Since UMNO’s exhibition naturally features caricatures of DAP leaders, Zunar inquired in a press statement why he was harassed and arrested for “a similiar exhibition with the opposite subject.” He also invoked the case of Fahmi Reza, the street artist and graphic designer who is currently on trial for his clown-face caricature of Najib.

The following day, Zunar again spoke up in defense of performance artists (called artistes in Malaysia) who are blacklisted if they fail to toe the government line. In this case he was responding to a backlash against pop star Sheila Majid, who posted on Twitter about regular Malaysians’ frustration with the high cost of living and “being squeezed over debts we did not create.”

After an aide to Najib accused the singer of acting as “a tool of the opposition,” Zunar expressed his concern that she and other artistes who have spoken up in recent days–a TV presenter and an actress–would be blacklisted and prevented from performing in public. “They are speaking up about what ordinary folk are already thinking,” he said. “These are bread-and-butter issues. You cannot punish artistes just for expressing their views.”

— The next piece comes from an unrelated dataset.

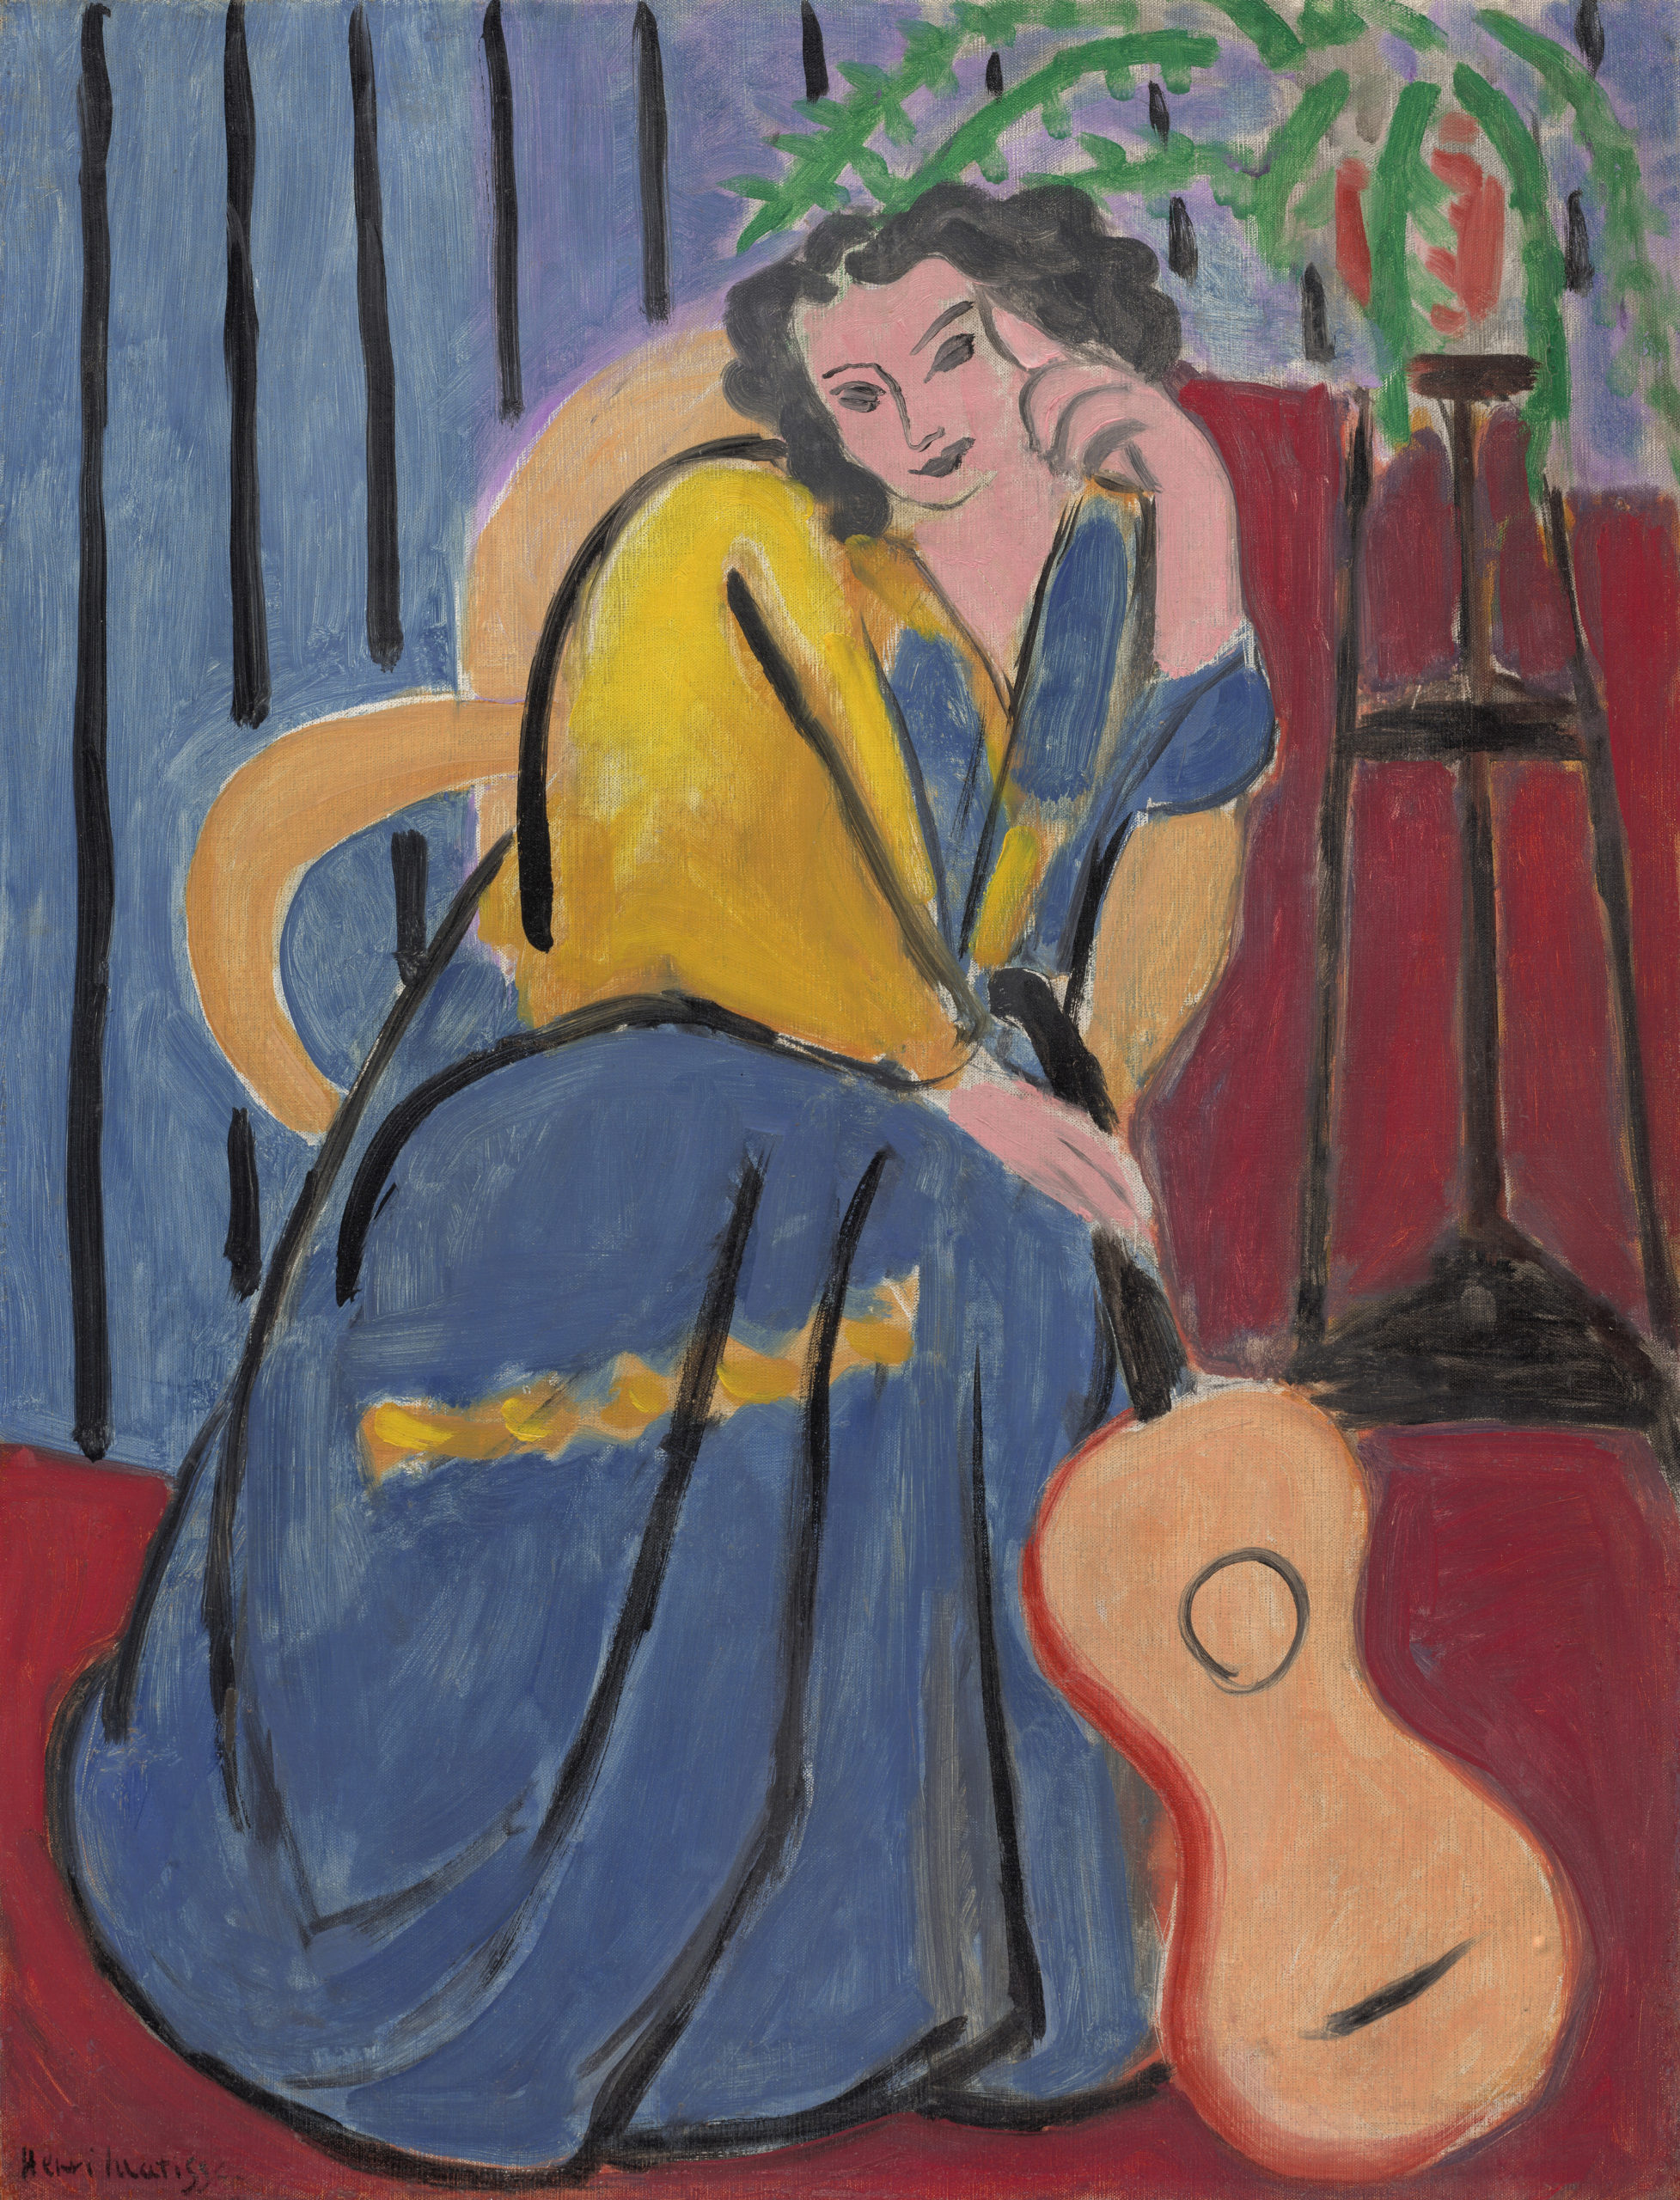 Matisse, Girl in Yellow and Blue with Guitar-Press Image - 3000px W (300dpi)

Meanwhile, Zunar himself is still facing nine counts of sedition, which stem from statements that he made on Twitter in February 2015 following the sentencing of opposition leader Anwar Ibrahim on a trumped-up sodomy charge. The cartoonist hinted that the judiciary in that trial had been subject to political pressure or bribery, observing that “the lackeys in black robes are proud of their sentences. The reward from political masters must be plenty.” He then exchanged Twitter barbs — and a cartoon — with Abu Bakar as officers were en route to arrest him.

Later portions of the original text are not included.